The new directive is a reinstatement of the Obama administration policy pre-2015 with several added protections for property owners, according to a Department of Justice release.

The rule sets a threshold for value of seized property, meaning anything under $10,000, law enforcement would have to take extra steps to justify the taking. The new rule requires some justification of probable cause under which the property was seized during a legal review process, and it promises to speed up notification of property owners, so they can contest these takings. Each of these protections seem to have wiggle room as written, however, and it’s unclear how this rule might fare under challenge in court.

“Instead of revising forfeiture practices in a manner to better protect Americans’ due process rights, the DOJ seems determined to lose in court before it changes its policies for the better,” said Sen. Mike Lee of Utah, who has long backed reform in this area.

In remarks announcing the rule, Sessions said “civil asset forfeiture is a key tool that helps law enforcement defund organized crime, take back ill-gotten gains, and prevent new crimes from being committed, and it weakens the criminals and the cartels.”
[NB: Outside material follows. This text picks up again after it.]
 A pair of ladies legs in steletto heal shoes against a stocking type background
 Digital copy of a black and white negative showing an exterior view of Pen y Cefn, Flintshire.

But he also made clear in those very remarks just how much this is about money: “Civil asset forfeiture takes the material support of the criminals and instead makes it the material support of law enforcement, funding priorities like new vehicles, bulletproof vests, opioid overdose reversal kits, and better training. In departments across this country, funds that were once used to take lives are now being used to save lives.”

This kind of incentive has led to abuse of this law enforcement tool across the country. The Pennsylvania Supreme Court recently limited the powers of law enforcement there. When a West Philadelphia grandmother who had her home and car taken because her grandson was arrested under suspicion of selling marijuana on her property, her case brought attention to one of the most abusive asset forfeiture regimes, where Philadelphia had seized some $6 million a year on the practice.

Sen. Rand Paul’s FAIR Act, a proposed federal reform of these rules, proposes seized assets go to the general Treasury fund instead of directly to law enforcement, to reduce this incentive.

One of the problems with the new DOJ rule is that “federal adoption” has been used in the past to circumvent state restrictions on forfeiture. Here’s Radley Balko on the pernicious effects of that policy:

The adoption policy is an end-around the state legislatures. It’s one thing if an investigation involves significant participation between federal and state or local law enforcement, and that investigation produces forfeiture proceeds to be divvied up. Such investigations comprise a broader class of forfeitures that are known as ‘equitable sharing’ cases. They’re still problematic, especially if it’s a civil forfeiture that doesn’t require the state to produce any actual criminal charges. But adoption cases are much more pernicious. The sole purpose of the adoption policy is to give police agencies a way to ignore state law. It was devised to let local cases become federal cases with little to no involvement from actual federal law enforcement officials.

This is why the Obama administration tried to phase out the program. As I pointed out at the time, then-Attorney General Eric Holder’s plan to phase out the adoption policy would affect only about 5 to 6 percent of federal civil forfeiture cases. But it would end the policy in states where the legislature (and, presumably, the people) had tried to pass laws protecting people from unjust forfeitures.

The issue of civil asset forfeiture reform has made strange ideological bedfellows for a reason. A 2016 YouGov poll showed 84 percent of Americans opposed asset forfeiture without a conviction. The problems with the practice are obvious and have given reform momentum as it becomes more well-known.

The Trump administration came into office with promises of respecting state decision-making and “draining the swamp.” This decision is a disappointing violation of both.